Question 2: Pipelines are just laying on the bottom, out deep, though some of them can get sanded or silted in at certain spots. If you have been unable to pick up pipelines like Gulfstream, between Mobile and Tampa, you might want to look into a different transducer; however, in places it is in extremely deep water but it is a 36" and 42" line. Three to 3 1/2 feet of relief.

Modern, deepwater, Drill Ships are generally for exploratory wells. Drill hit/miss, move to the next hole. I don't think there is a limit on how many holes one production rig can handle. It's the volume of fluid and then that platform can be expanded or paired.


----------



## azevedo16 (Aug 18, 2010)

Most of the wells are capped off to be produced later, the Olympus platform is sitting on 24 wells. I know this because I was part of the drilling. The 24 wells are in a 100x100 foot square. We drilled a well that is 3 miles from Olympus that fuels it. I mention Olympus because you mentioned Mars. The ship that I am on is completing one and starting another in the same field in a few months.I do not have all the answers for you but if you have anymore I can get the answers when I get back to work next week.


----------



## GAHUNTER (Jan 30, 2008)

I'm just curious as to why we have no permanent (or semi-permanent) production rigs out where all this drilling has been going on for years in the deep water area south of Ram Powell. Drill rigs keep showing up, but then they are gone with no production rigs within 20 miles. In fact, Deep Water Horizon was in the process of capping a strike when she went up.

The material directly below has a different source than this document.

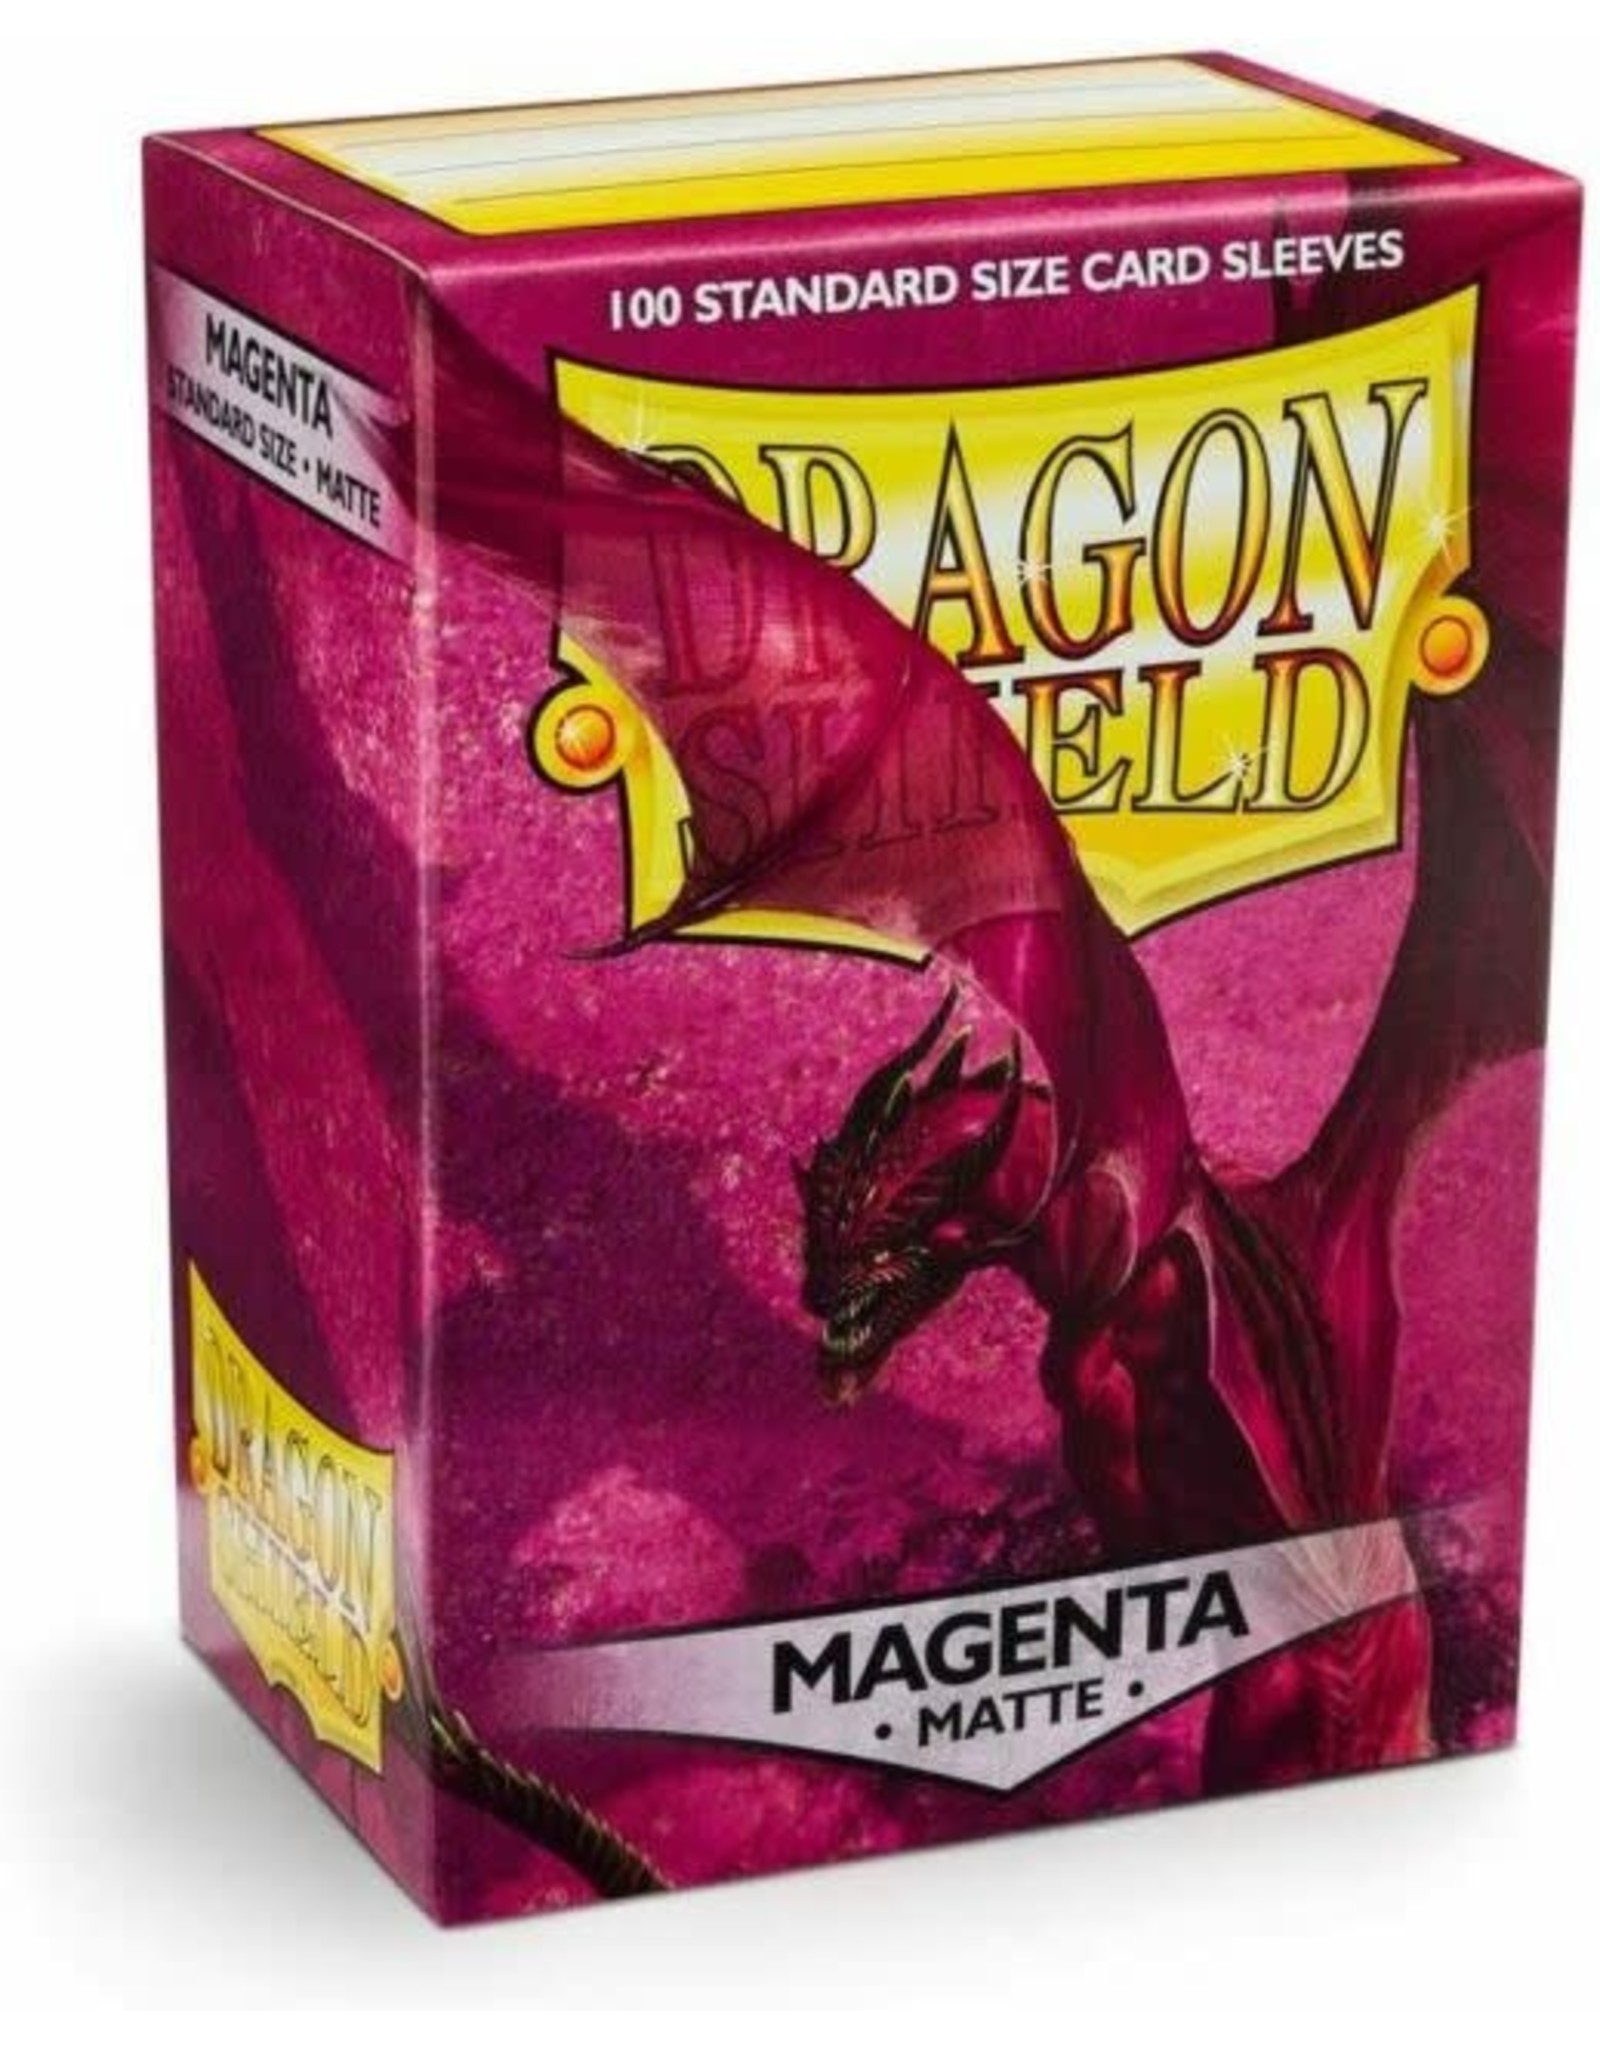 Arcane Tinmen Dragon Shield Magenta Matte 100 Standard

Just seems strange to me to invest all that money finding the stuff, and then not doing anything to get a return on the investment.


----------



## azevedo16 (Aug 18, 2010)

The production is of these well are for the future. The government only allows so much to be produced each day


----------



## GAHUNTER (Jan 30, 2008)

Of course I ask these questions purely for selfish fishing reasons. Though I have had a boat in Destin for 30 years, when it comes to serious tuna fishing, we head to Venice and their copious deep water oil rigs. If they are not on one rig, we head to another, then another, and another -- until we find them!

I'd kinda like to eventually find a similar situation off Alabama.


----------